Help:Project Gutenberg

From Wikisource
Jump to navigation Jump to search
Help:Project Gutenberg

This page discusses Project Gutenberg, a venerable free-text project parallel to Wikisource. Its main purpose is to define the ways in which the two projects complement each other, and to suggest ways we can cooperate.

Please formulate the policies and suggestions on this page based upon the wide-ranging discussion at the talk page.


Importing works[edit]

Quite a few Project Gutenberg works have been imported to Wikisource by copying and pasting a chapter at a time into the main namespace. While this works, it means that the work is not backed by scans. A better option is to use the PG work as a basis for a proper Wikisource transcription.
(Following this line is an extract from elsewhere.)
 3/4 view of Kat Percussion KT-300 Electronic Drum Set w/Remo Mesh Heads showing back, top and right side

This is slower, but still probably quicker than a standard transcription (because most typos/scannos have already been caught, and the work is mostly a matter of formatting).
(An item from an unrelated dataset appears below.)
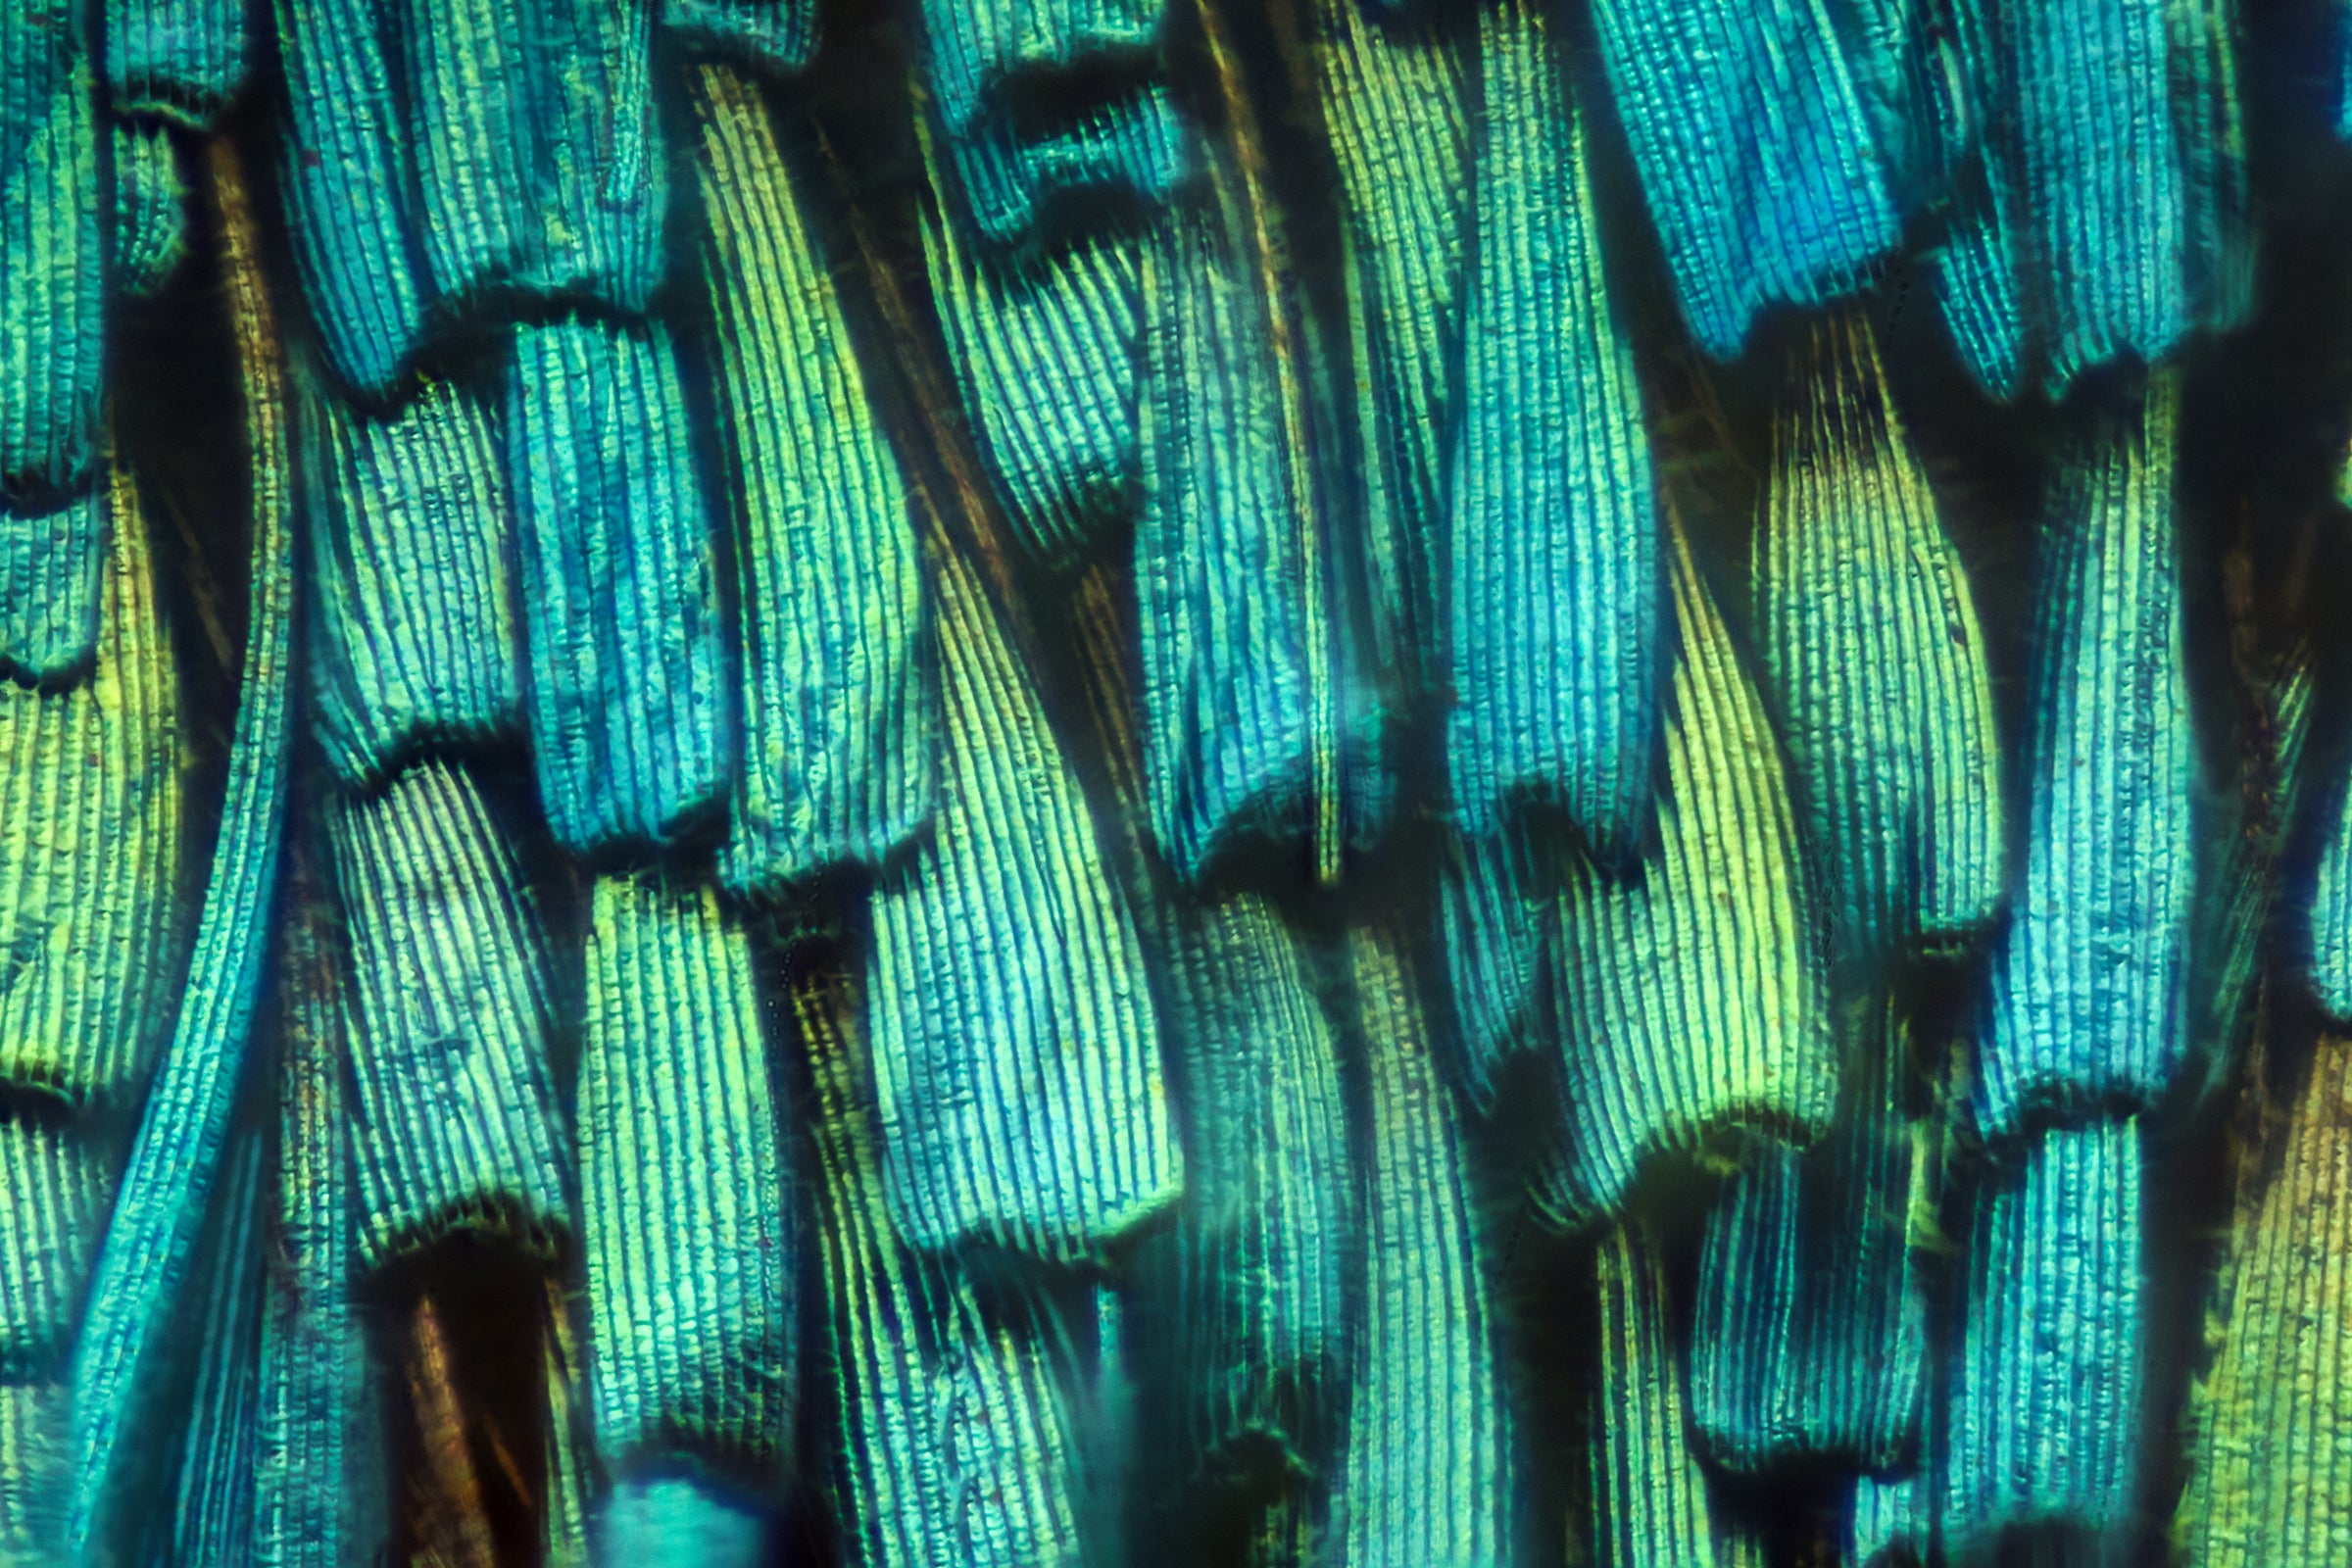 Green and blue moth scales.

The process is usually something like this:

  1. Set up the Index page as usual, with a correct pagelist etc.
  2. Download the HTML version of the work from Project Gutenberg.
  3. Open the HTML version in a text editor, and strip paragraph tags (<p>…</p>). Leave most other HTML, especially <i>, <u>, etc. as these will work without modification in the wikitext version.
  4. Copy and paste from the HTML, page-by-page.

The Clean up OCR script from Wikisource:TemplateScript is very helpful for this type of work.